= Light sheet fluorescence microscopy =

Fluorescence microscopy technique

The principle setup of a light-sheet fluorescence microscope

Light-sheet fluorescence microscopy (LSFM) is a fluorescence microscopy technique with an intermediate-to-high optical resolution, but good optical sectioning capabilities and high speed. In contrast to epifluorescence microscopy only a thin slice (usually a few hundred nanometers to a few micrometers) of the sample is illuminated perpendicularly to the direction of observation. For illumination, a laser light-sheet is used, i.e. a laser beam which is focused only in one direction (e.g. using a cylindrical lens). A second method uses a circular beam scanned in one direction to create the light-sheet. As only the actually observed section is illuminated, this method reduces the photodamage and stress induced on a living sample. Also the good optical sectioning capability reduces the background signal and thus creates images with higher contrast, comparable to confocal microscopy. Because light-sheet fluorescence microscopy scans samples by using a plane of light instead of a point (as in confocal microscopy), it can acquire images at speeds 100 to 1,000 times faster than those offered by point-scanning methods.

Comparison of different microscopy illumination modalities (LSFM: light-sheet fluorescence microscopy, WF: wide-field microscopy, CF: confocal microscopy). Light-sheet fluorescence microscopy combines good z-sectioning (as confocal) and illuminates only the observed plane

This method is used in cell biology and for microscopy of intact, often chemically cleared, organs, embryos, and organisms.

Starting in 1994, light-sheet fluorescence microscopy was developed as orthogonal plane fluorescence optical sectioning microscopy or tomography (OPFOS) mainly for large samples and later as the selective/single plane illumination microscopy (SPIM) also with sub-cellular resolution. This introduced an illumination scheme into fluorescence microscopy, which has already been used successfully for dark-field microscopy under the name ultramicroscopy.

== Setup ==

=== Basic setup ===

Illustration of different light-sheet fluorescence microscope implementations. See text for details. Legend: CAM=camera, TL=tube lens, F=filter, DO=detection objective, S=sample, SC=sample chamber, PO=projection objective, CL=cylindrical lens, SM=scanning mirror

In this type of microscopy, the illumination is done perpendicularly to the direction of observation (see schematic image at the top of the article). The expanded beam of a laser is focused in only one direction by a cylindrical lens, or by a combination of a cylindrical lens and a microscope objective as the latter is available in better optical quality and with higher numerical aperture than the first. This way a thin sheet of light or light-sheet is created in the focal region that can be used to excite fluorescence only in a thin slice (usually a few micrometers thin) of the sample.

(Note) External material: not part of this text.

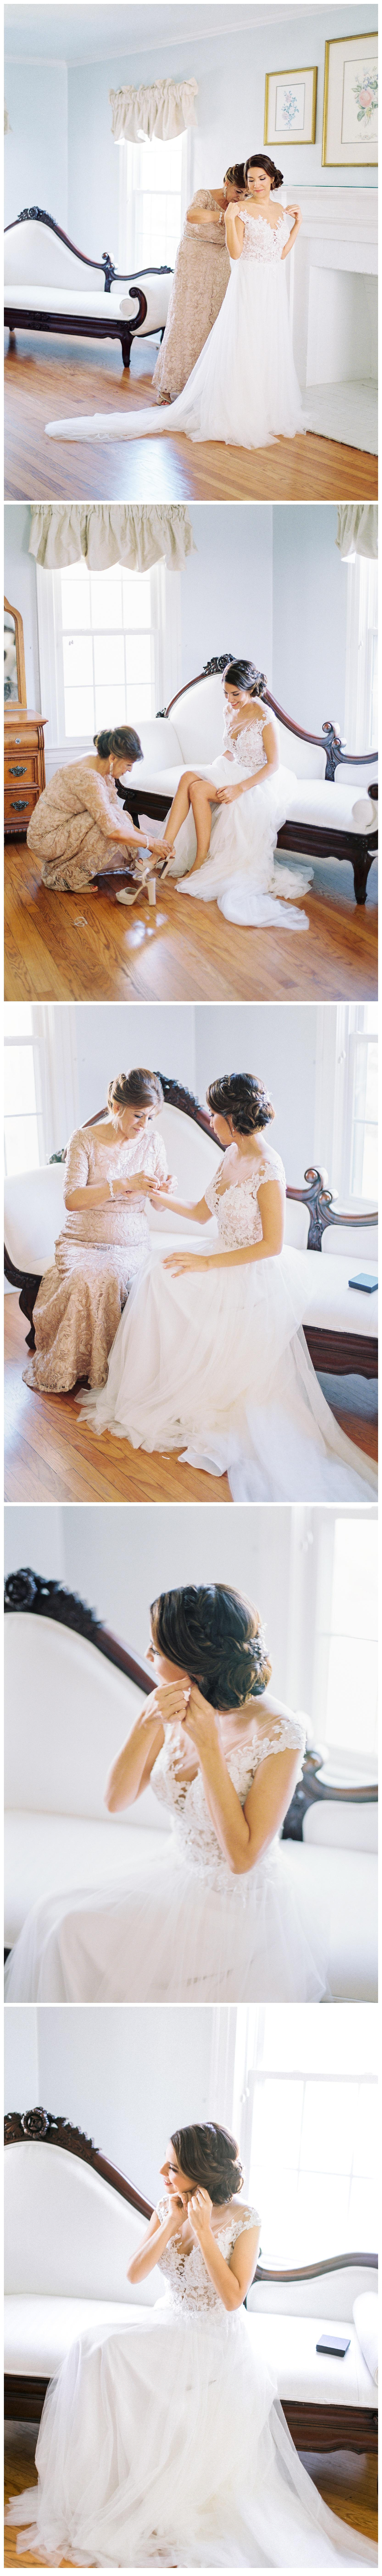 Cypress-Grove-Estate-House-Orlando-FL-Wedding-photos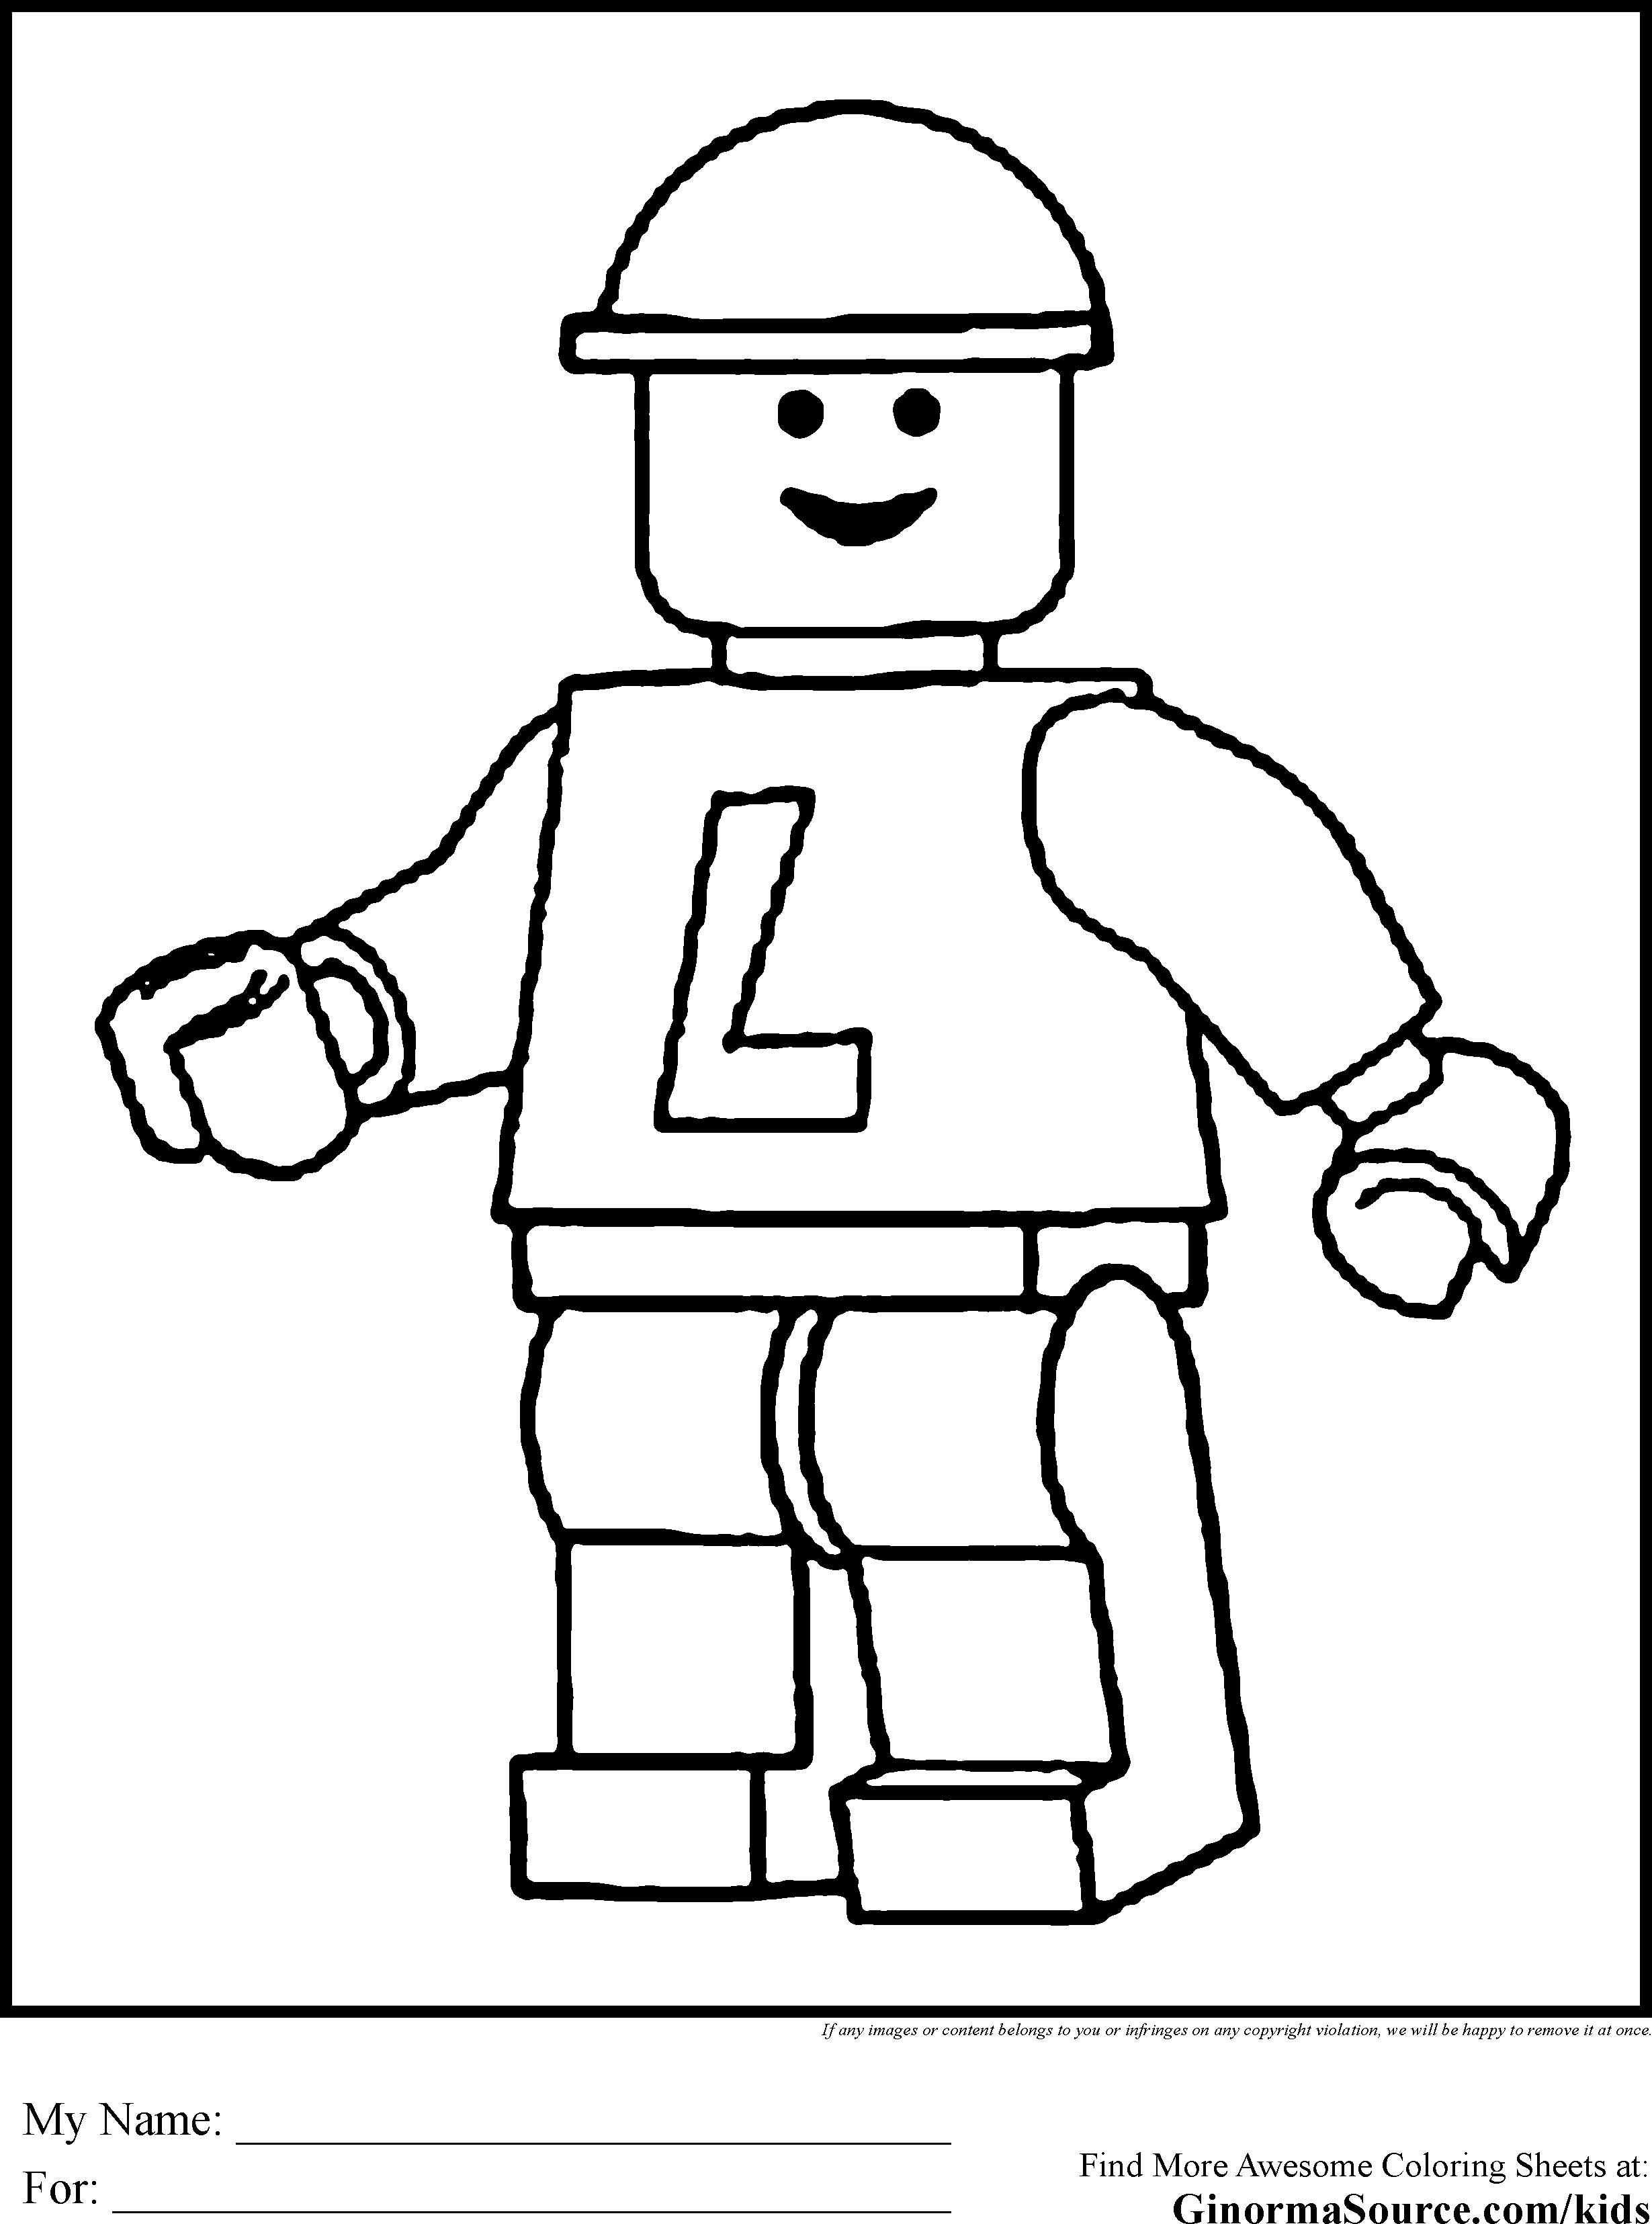 Lego Coloring Pages Legoman Gif 2 459 3 310 Pixels Lego Coloring Pages Lego Coloring Lego Coloring Sheet

The fluorescence light emitted from the light-sheet is then collected perpendicularly with a standard microscope objective and projected onto an imaging sensor (usually a CCD, electron-multiplying CCD or CMOS camera). In order to let enough space for the excitation optics/light-sheet an observation objective with high working distance is used. In most light-sheet fluorescence microscopes the detection objective and sometimes also the excitation objective are fully immersed in the sample buffer, so usually the sample and excitation/detection optics are embedded into a buffer-filled sample chamber, which can also be used to control the environmental conditions (temperature, carbon dioxide level ...) during the measurement. The sample mounting in light-sheet fluorescence microscopy is described below in more detail.

As both the excitation light-sheet and the focal plane of the detection optics have to coincide to form an image, focusing different parts of the sample can not be done by translating the detection objective, but usually the whole sample is translated and rotated instead.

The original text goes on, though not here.